How can AI-led automation transform financial crime operations?
January 27th, 2020
When you look at your financial crime operations, does the following sound familiar?
- Agents working from multiple systems
- Errors leading to alerted transactions being allowed through
- Delays in chasing funds, leading to increased losses
- Complaints causing issues and increased costs
- Limiting the volume of alerts that can be created, missing frauds
- Need to reduce costs and support customer growth
In this blog, you’ll learn about the external and internal factors that are causing and exacerbating the above factors, and how to turn this around.
External environment
There are several external environmental challenges impacting FI’s ability to manage financial crime for fraud and AML. First, transaction volumes are increasing (unless at the branch counter) at pace. Coupled with new channels, such as Open Banking, chatbots and Amazon Alexa or Google Home, bringing new fraud vectors further increases the volume of transactions and alerts to manage. The continuing rise in digital technology features, especially mobile adoption, results in even more volume.

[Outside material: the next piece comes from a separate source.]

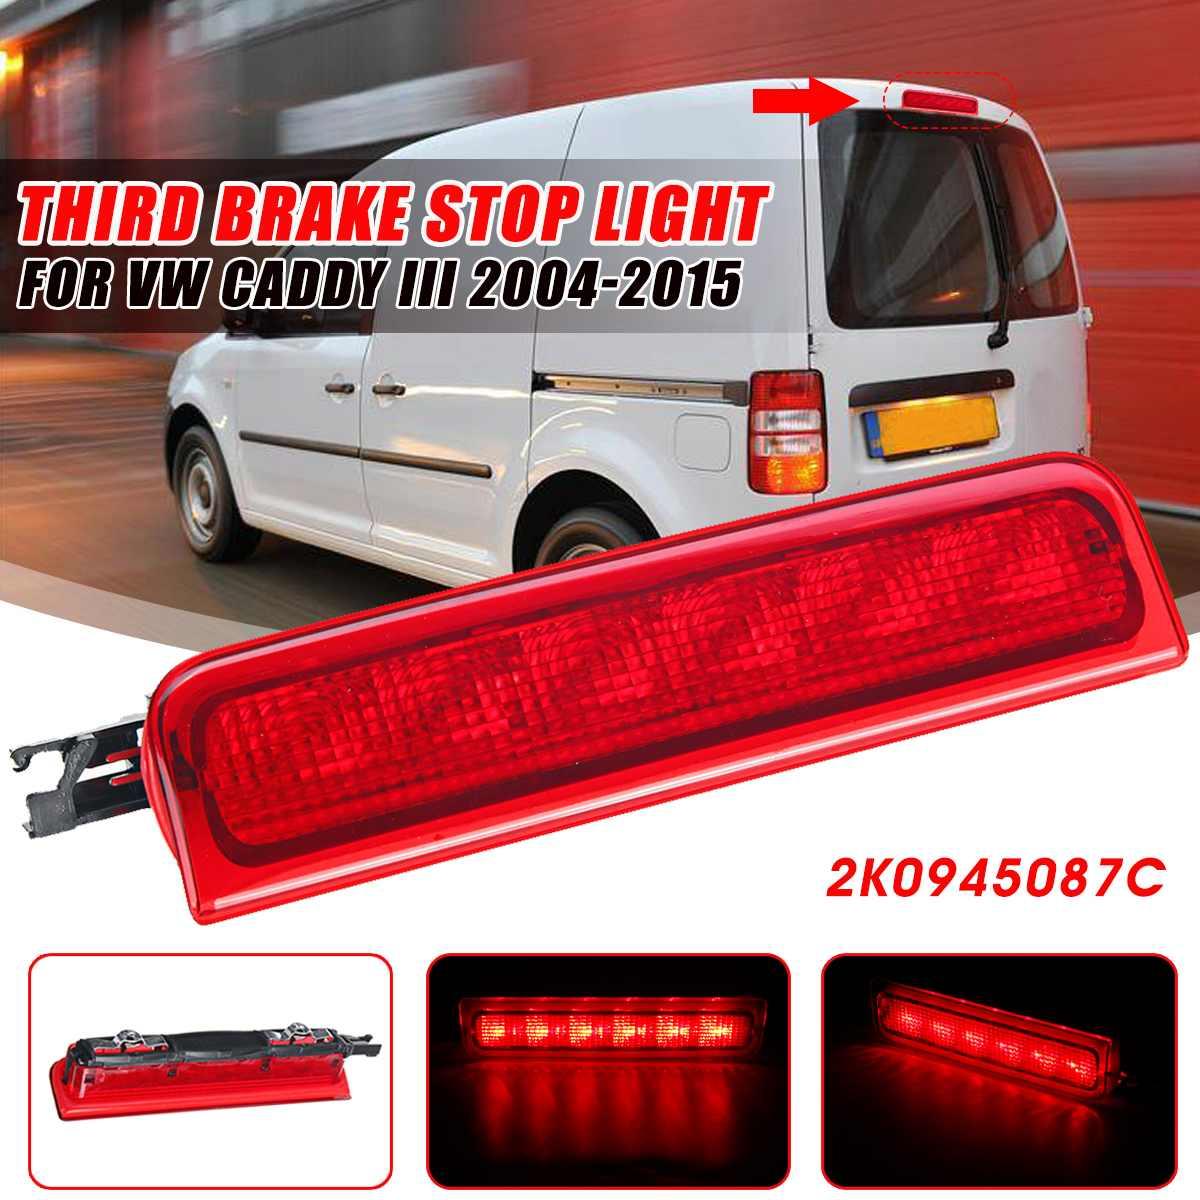 Luz de freno trasero de coche LED tercera lámpara de parada trasera 2K0945087C para VW Caddy III Box Estate 2001-2016

The increasing complexity of fraud cases, such as Authorised Push Payment fraud (APP), takes more time to deal with than traditional ACTO, both to investigate and help the customer with the issues caused. There are more cross-channel attacks that increase losses and involve longer investigation and root cause analysis.
It isn’t unusual to see transaction volumes doubling and alerts up circa 50 percent over the last three years. This means the FTE required is increasing, even before more customers are onboarded. It is therefore unsurprising that greater demands are placed on financial crime teams. It’s important to understand how this translates into operational areas.
Internal environment
Many FIs still have legacy systems and often need staff to check multiple systems, particularly on complex cases, which takes up valuable time. This also means your best investigators are doing lots of data collation and often manual keying, which is costly and can lead to errors.
In terms of prioritisation of cases and workflow, processes are often manual or semi-manual – this means parts of a process may be missed, or the wrong case worked first. The errors this inevitably causes can lead to increased losses, e.g. a catch and release fraud, additional liabilities, or breaking AML legislation.
These issues also limit the volume of alerts that can be worked for a given number of investigators, which ultimately limits overall fraud prevention levels. Further, this can increase attrition as mundane repetitive work is not interesting, further exacerbating the problems.
Finally, all of these issues increase complaints, drives up costs and negatively impacting the company’s Net Promoter Score (NPS).
This process is not sustainable and creates a vicious cycle unless we change the status quo. The common misconception is to work people harder, but the key is to work the systems harder to enable people to succeed.
It begins with allowing your employees to do what they are best at: talking to other people and focusing their time on complex, more impactful investigations. This is particularly important for APP frauds, given both the complexity and life-changing implications for the customer. Do you really want staff flicking between lots of screens when trying to have these delicate conversations?
Can we move from this vicious circle to a virtuous circle?
Intelligent automation
With a single case manager, employees can obtain all the information they need in one holistic view, allowing them to quickly understand the full story. This can significantly transform your fraud operations. Financial crime and compliance domain-specific embedded automation also further supercharges an efficient workflow. No longer are employees spending time on repetitive tasks; they now can focus on analysis and more valuable activities.
Furthermore, imagine a platform that provides analytics, reporting and dashboards to drive decision making, such as staffing levels at different times of the day or which alerts to work first. The platform could also provide refunds and close cases down at the touch of a button.
So how do you get there?
This is a journey, not a sprint. It starts with not just one change, but multiple, small changes. It starts with building a roadmap of short-, medium- and long-term developments.
Start small with the easy wins such as providing staff with policy rule descriptions, and the benefits can pay for the longer-term investments.
Plan what you want to do based on key organisation challenges, such as staff volumes and costs, customer impacts or new product developments.
Review processes before starting to understand what adds value, what should be automated and what should be discarded.
Requirements for configuration and data integration
Make automation part of a full operations programme with a clear ROI. Remember, this requires a culture change, too.
By using automation, we can transform financial crime operations. Agents can spend their time talking to the customer to get them back up and running and learn how to protect themselves going forward. As basic tasks are automated, errors and complaints are reduced and time to resolve each case is decreased, increasing overall efficiency.
Staff are happier and more engaged with customers, and they can work more alerts per day. This leads to increased fraud prevention and high customer service ratings. When victims of fraud have a good experience from a bank resolving their problem, they often tell their friends, boosting your firm’s NPS and providing long-term benefits.